Auch die telefonische Erreichbarkeit vor allem von technischen Kundenbetreuern, Sozialem Management, Reparaturdienst, kaufmännischen Kundenbetreuern und nebenamtlichen Hausmeistern wurde gut bewertet (Noten 2,0 bis 2,2). Die Mehrheit der Mieter gab an, dass die Leistungen der gewobau vom Kundenservice über die Schaffung von mehr Wohnqualität bis hin zu Projekten zum Wohnumfeld auf jeden Fall gleich geblieben sind und sich teilweise sogar noch verbessert haben.

Ausreichende Infos und verständliche Betriebskostenabrechnung
Positiv hoben die Befragten hervor, dass über aktuelle Mietangelegenheiten gut informiert wird (Note 1,8) und auch die Betriebskostenabrechnung sehr verständlich ist (Note 1,96).

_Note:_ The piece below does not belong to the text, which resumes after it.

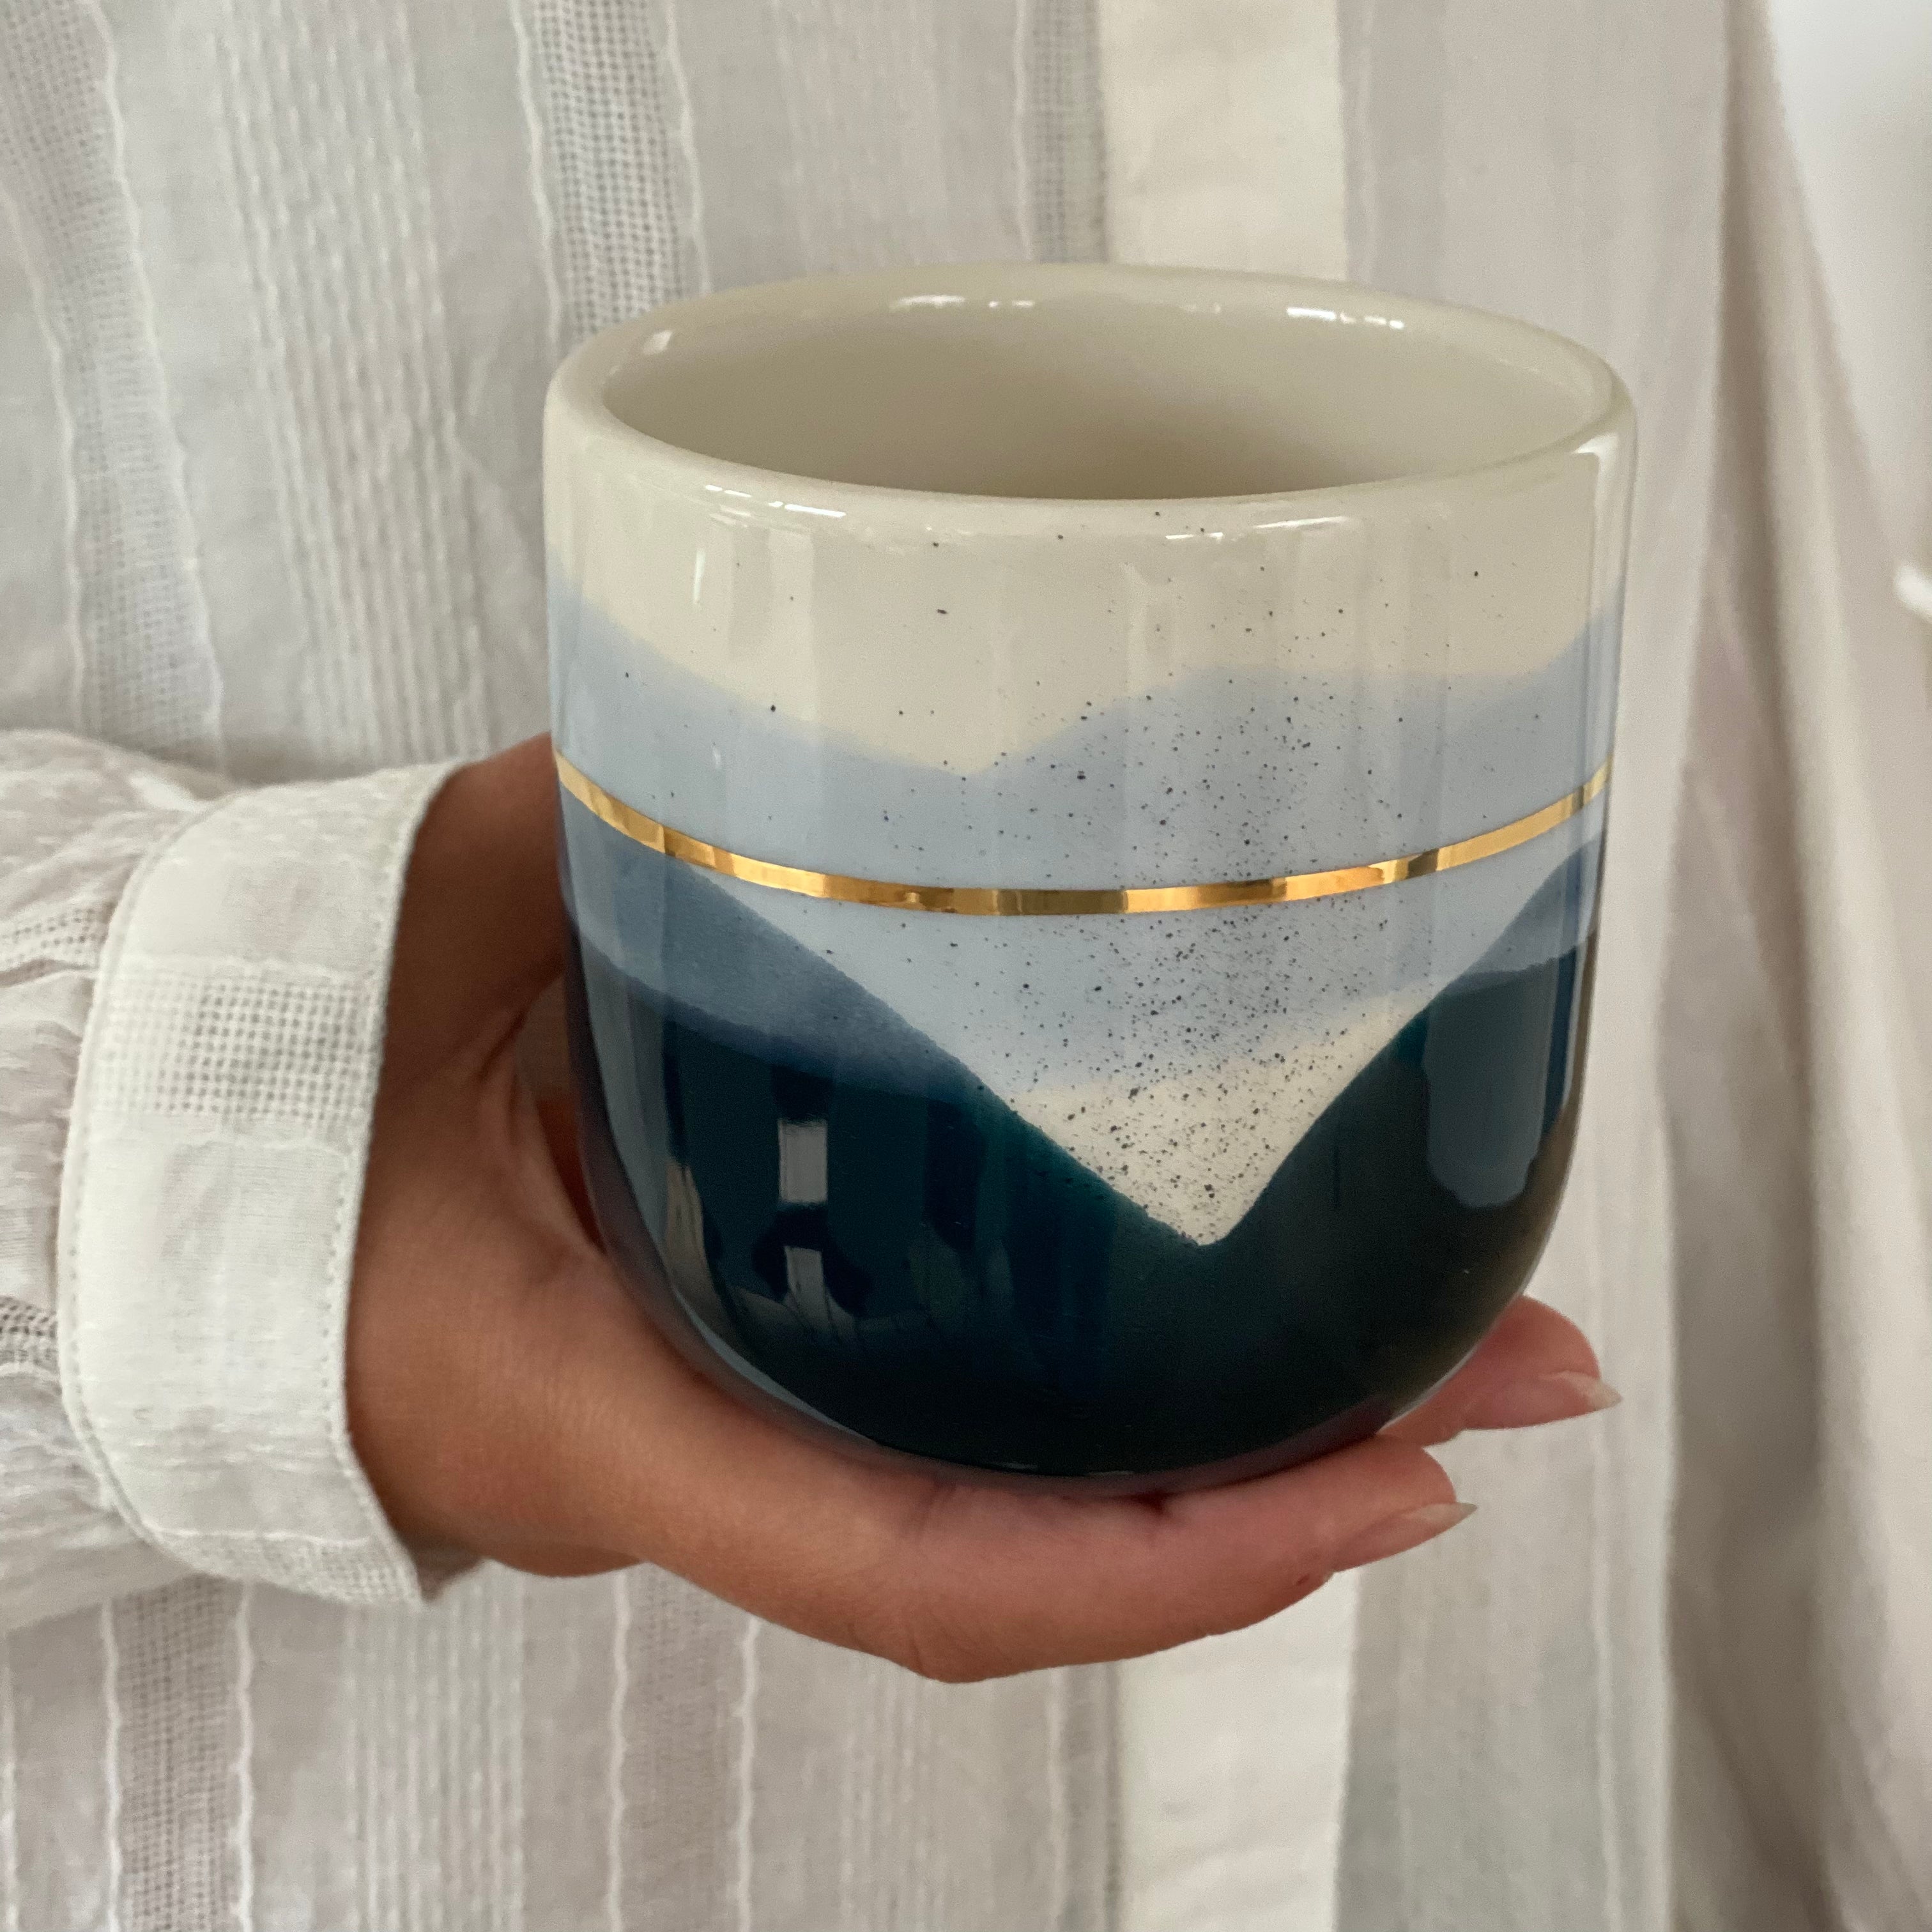 Marinski Heartmade's latte cup Landscape - dark blue, light celestial blue

Modernisierungsmaßnahmen werden positiv bewertet

Über 68 % der befragten Mieter sind mit ihrer Wohnung insgesamt zufrieden, ein leichter Anstieg gegenüber 2019. Hier spielten vor allem der verbesserte Zustand von Fenstern und Türen sowie die Ausstattung der Wohnung und dabei besonders neue Wohnungseingangstüren und Sanitäreinrichtungen eine wichtige Rolle.
Diese Themen wurden von der gewobau seit der letzten Mieterbefragung des Jahres 2019 auch kontinuierlich bearbeitet. „Wir haben unter anderem mit unseren energetischen Sanierungen im Berliner Viertel und in anderen Wohnquartieren und unseren Modernisierungsmaßnahmen umfangreich in den Bestand investiert“, erklärt dazu Geschäftsführer Regenstein. Die teilnehmende Miethaushalte bestätigten, dass die Wohngebäude und Außenanlagen gut gepflegt sind (Noten 2 -2,5).

Auch der Pflegezustand überzeugt: Für Wohngebäude und Außenanlagen vergaben die Mieterinnen und Mieter Noten zwischen 2,0 und 2,5. Die neugestalteten Eingangsbereiche und die bessere Beleuchtung der Zugangswege wirken sich ebenfalls positiv aus.

Wünsche für das Wohnumfeld

Im Wohnumfeld sahen die Befragten allerdings auch Optimierungsbedarf. Hier gab es Verbesserungswünsche zur Sauberkeit, zu den Müllplätzen und der richtigen Mülltrennung und zum Zustand der Treppenhäuser
Das Angebot an Spielplätzen und Grünflächen wird weiterhin mit gut bewertet.

Allerdings wünschen sich die Mieterinnen und Mieter ein größeres Parkplatzangebot, sehen zugleich aber auch eine Verkehrsbelastung im Wohngebiet.

Soziodemographische Daten als Ergänzung

Das Durchschnittsalter der gewobau Mieter (Haushaltsvorstand) liegt bei 53 Jahren; bei den Mieterhaushalten gibt es mit 36 % einen hohen Anteil an Familien; gefolgt von Singles / Paaren ab 65 Jahre (23,5%). Die Mieterhaushalte der gewobau umfassen durchschnittlich 2,5 Personen.
Das durchschnittliche Haushaltsnettoeinkommen beläuft sich auf 2.670 Euro. Haupteinkommensquelle ist bei 63% der Haushalte Erwerbs-/Berufstätigkeit, bei knapp 30% die Rente.